### [WHAT THE TASK ASKS]
Your copy should start at the line with "Luxury Backwater Cruises" and end at the line with "buy popular 6290c" in the data below. Transcribe only those lines, exactly, pictures excluded.

PROVIDED DATA: Begin

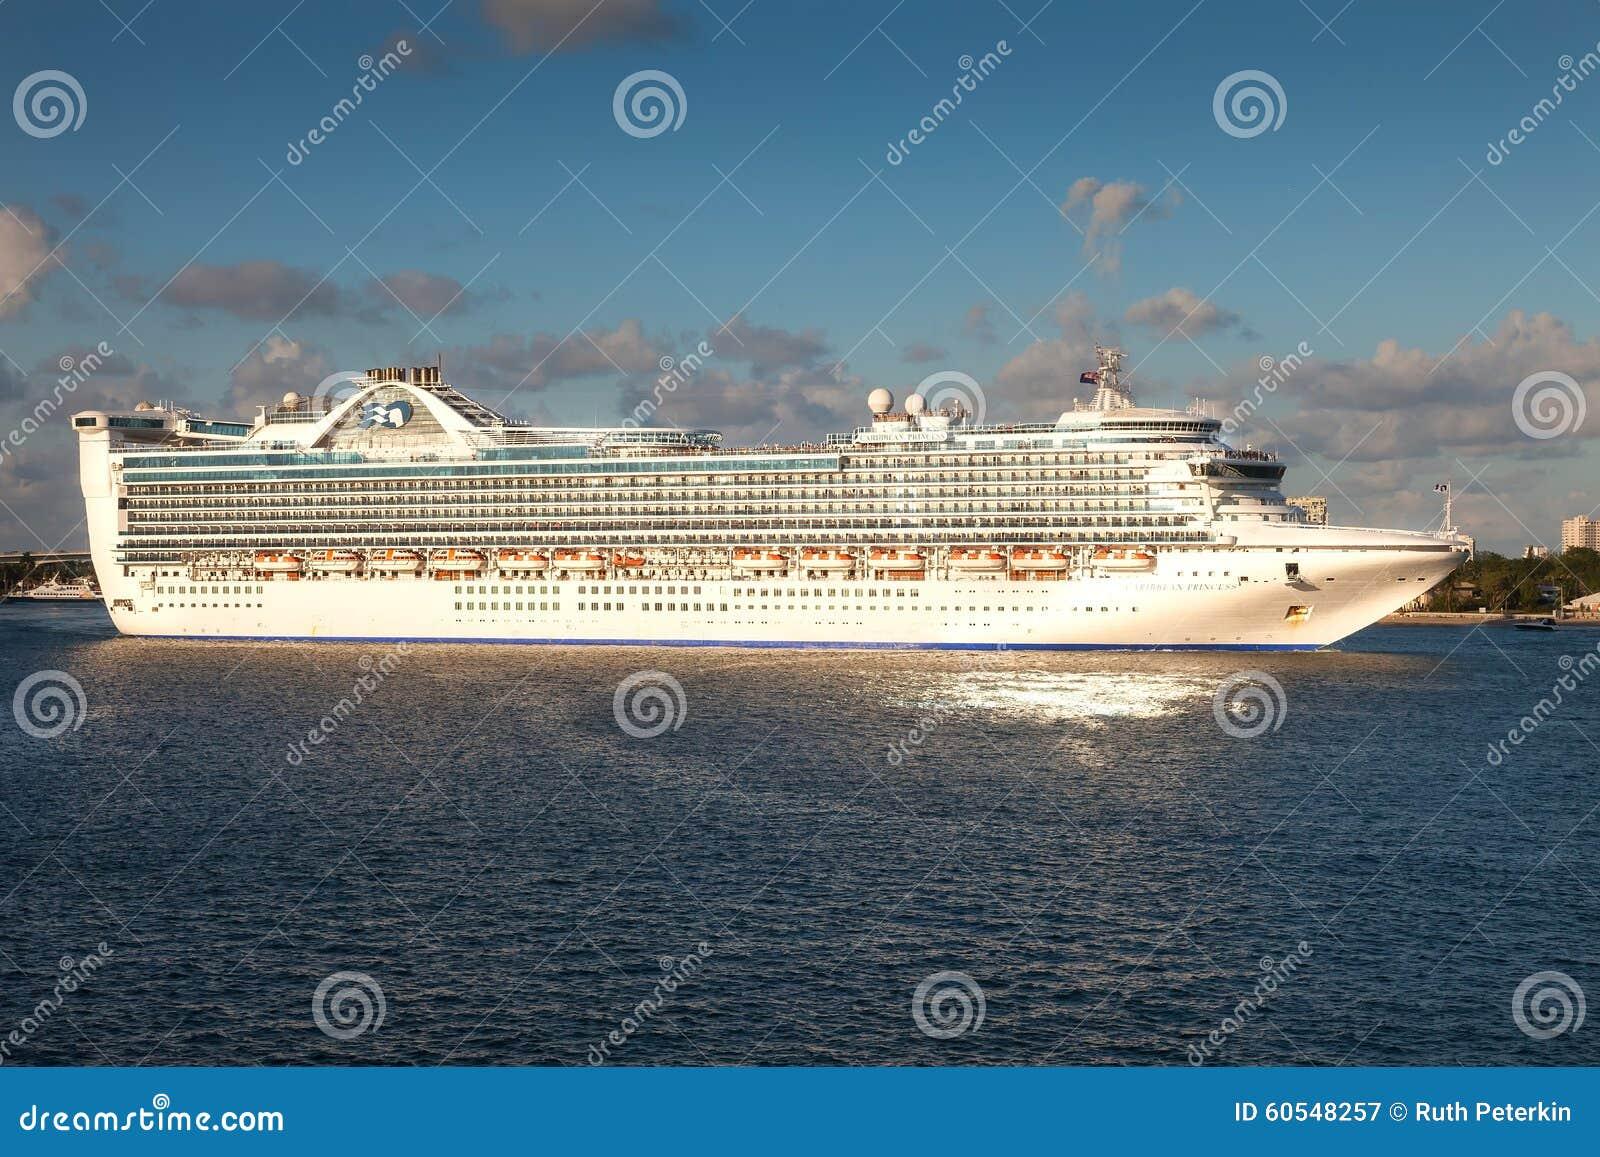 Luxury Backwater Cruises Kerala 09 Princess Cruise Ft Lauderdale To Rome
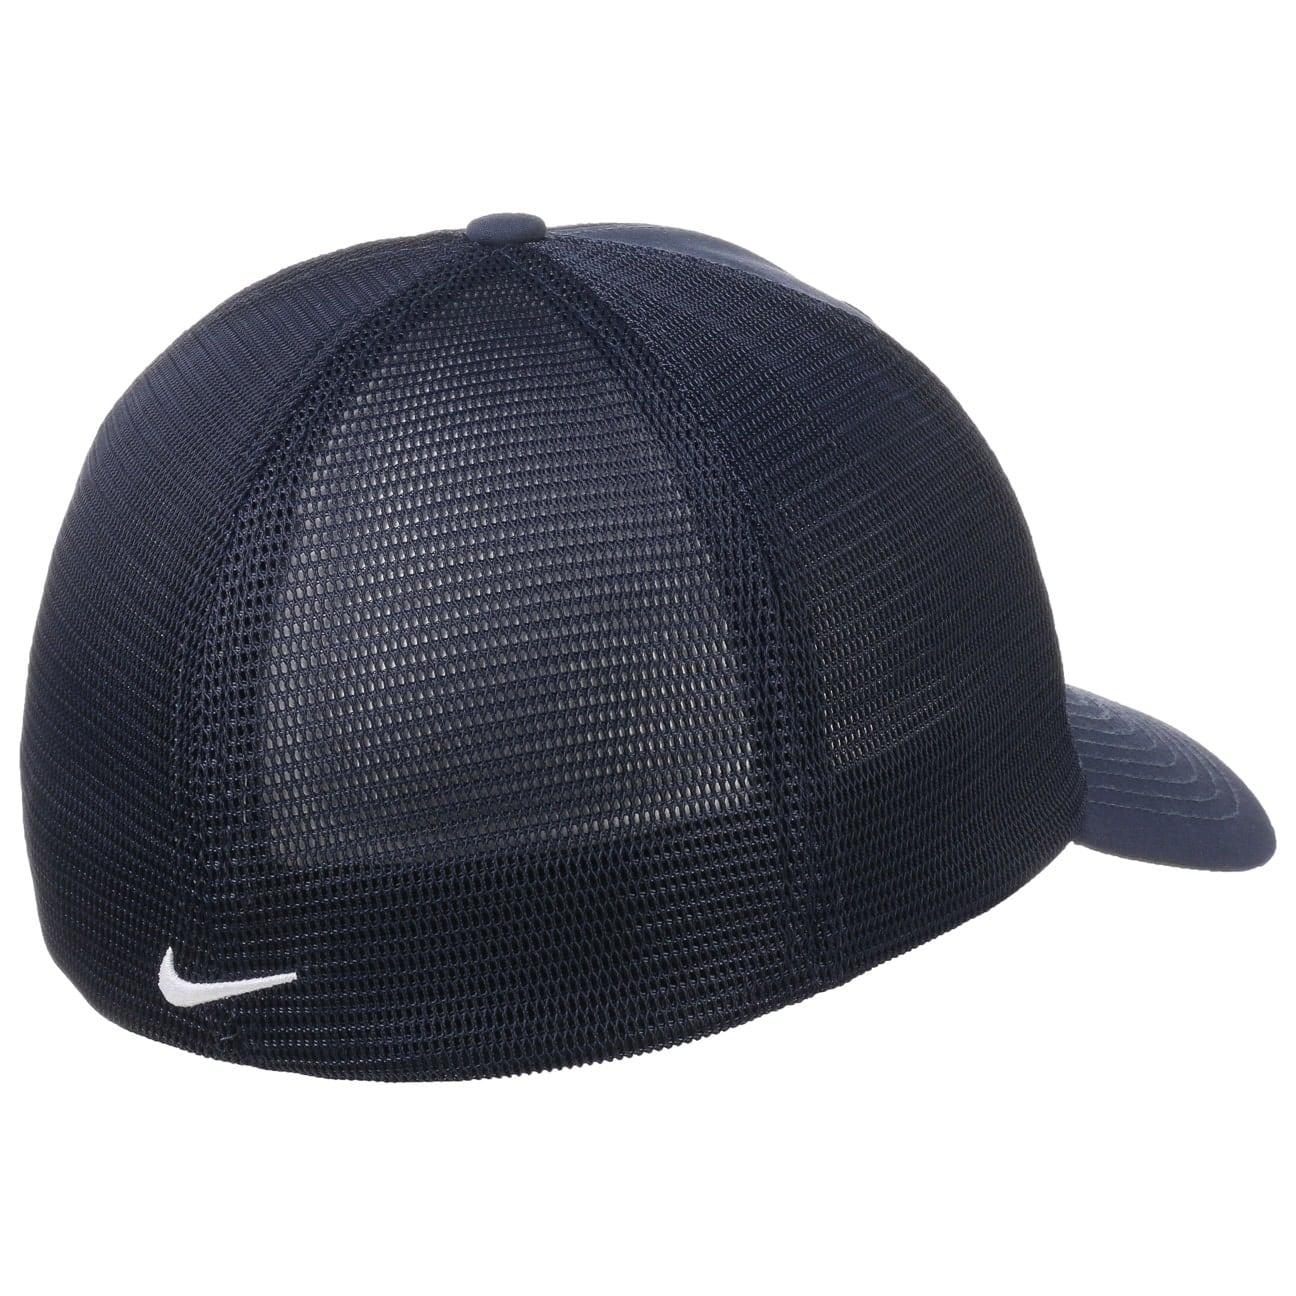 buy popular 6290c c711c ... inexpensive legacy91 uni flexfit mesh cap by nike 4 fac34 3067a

PROVIDED DATA: End
PROVIDED DATA: Begin

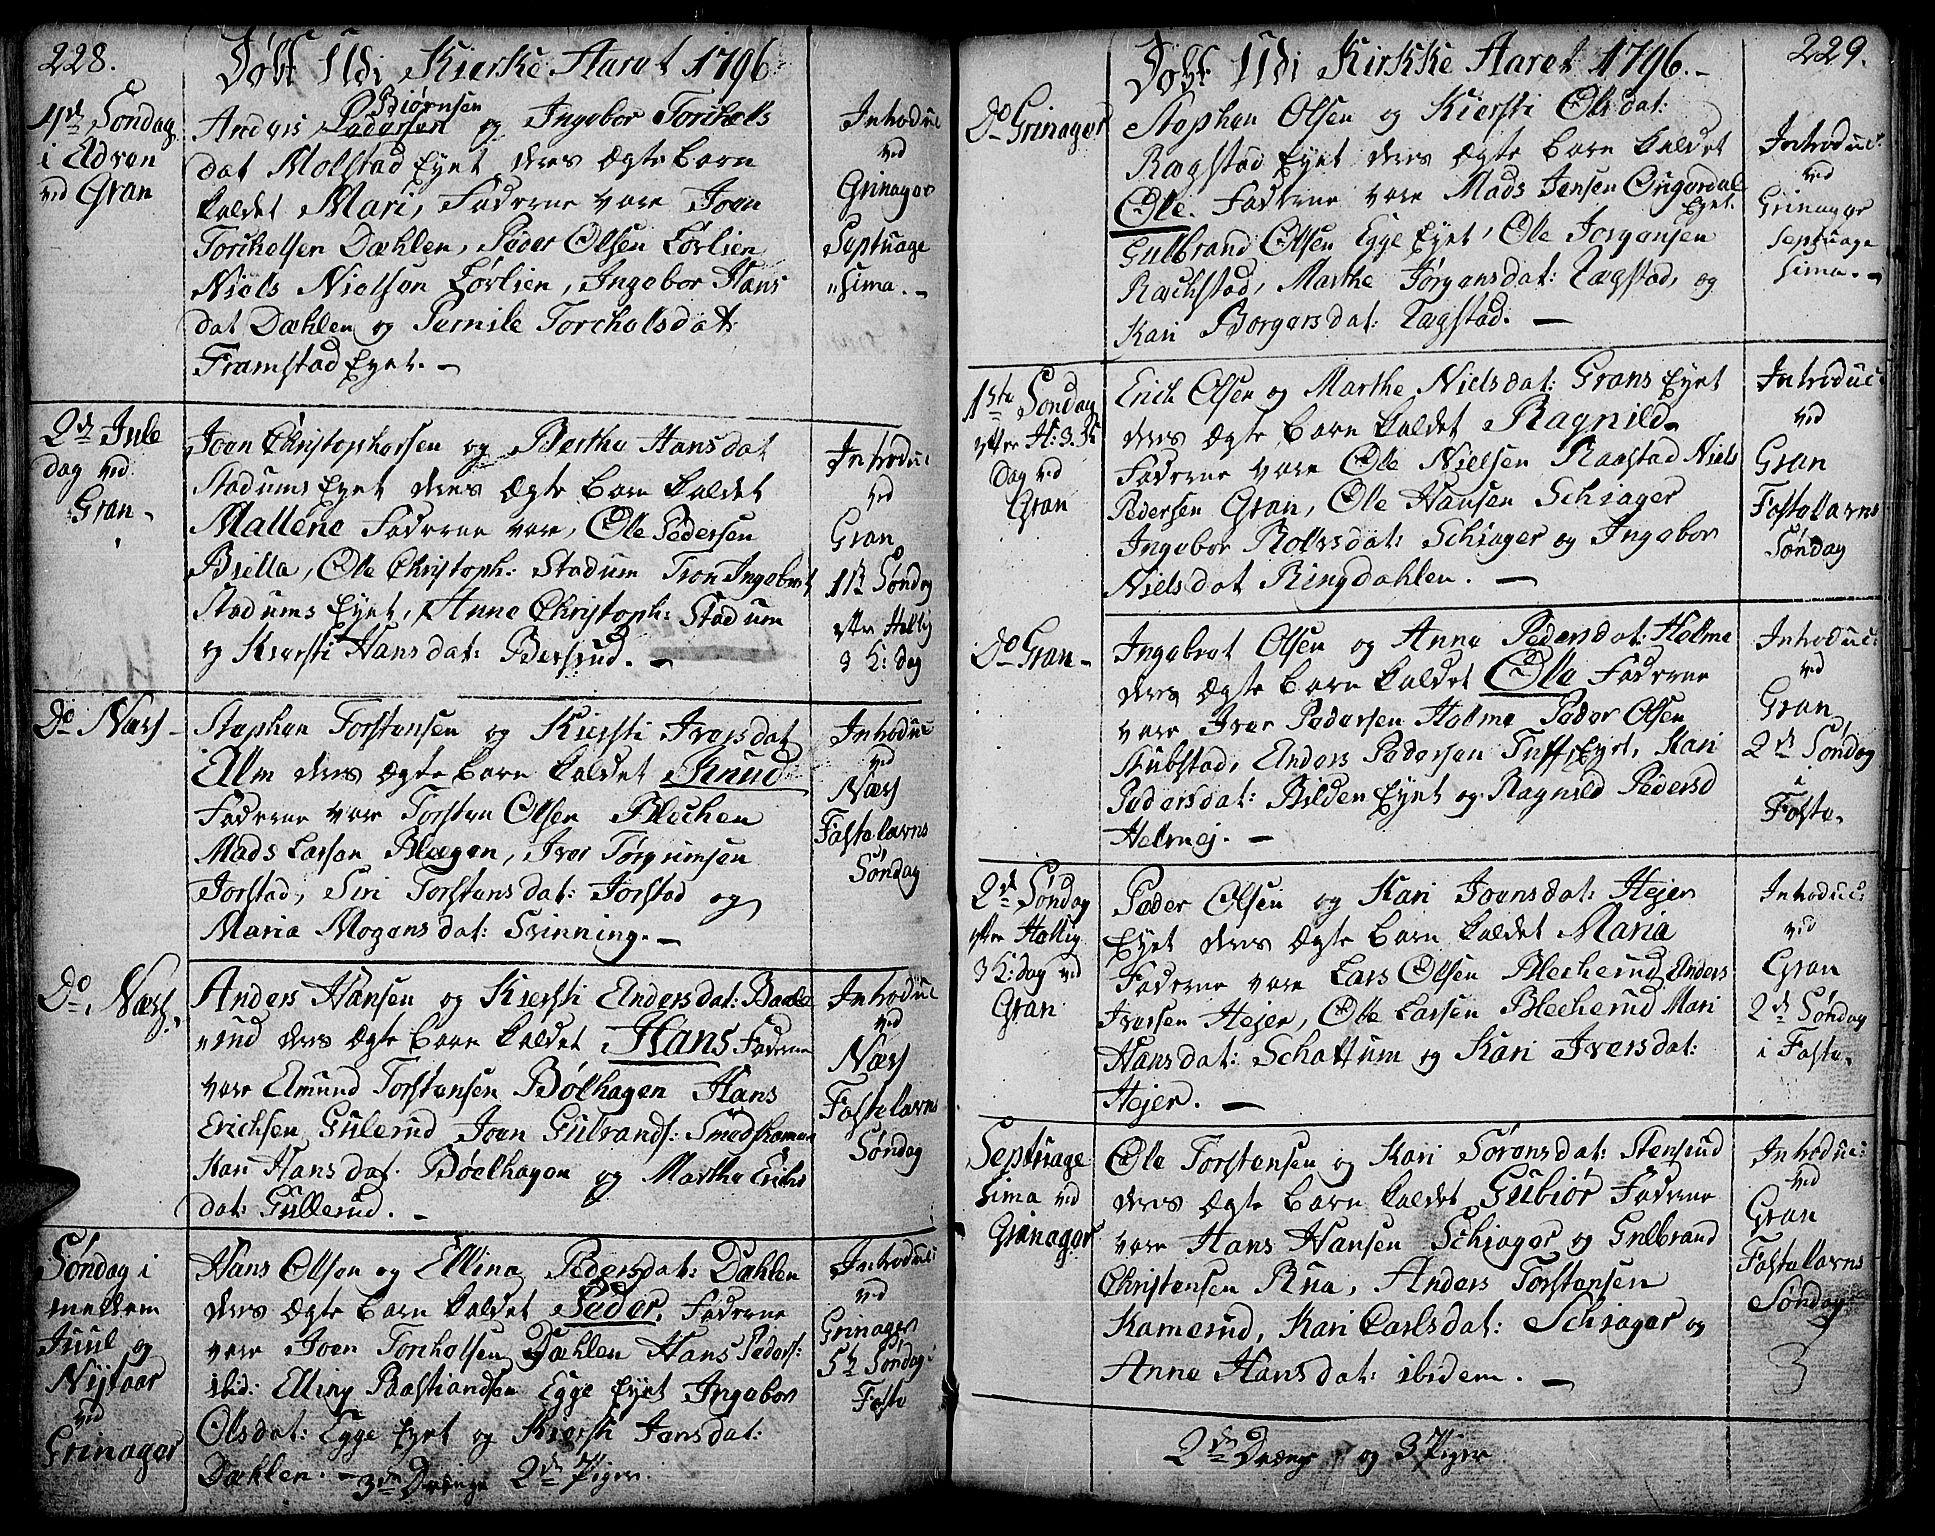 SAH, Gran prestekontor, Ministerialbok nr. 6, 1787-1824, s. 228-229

PROVIDED DATA: End

### [OUTPUT]
 Luxury Backwater Cruises Kerala 09 Princess Cruise Ft Lauderdale To Rome
 buy popular 6290c c711c ... inexpensive legacy91 uni flexfit mesh cap by nike 4 fac34 3067a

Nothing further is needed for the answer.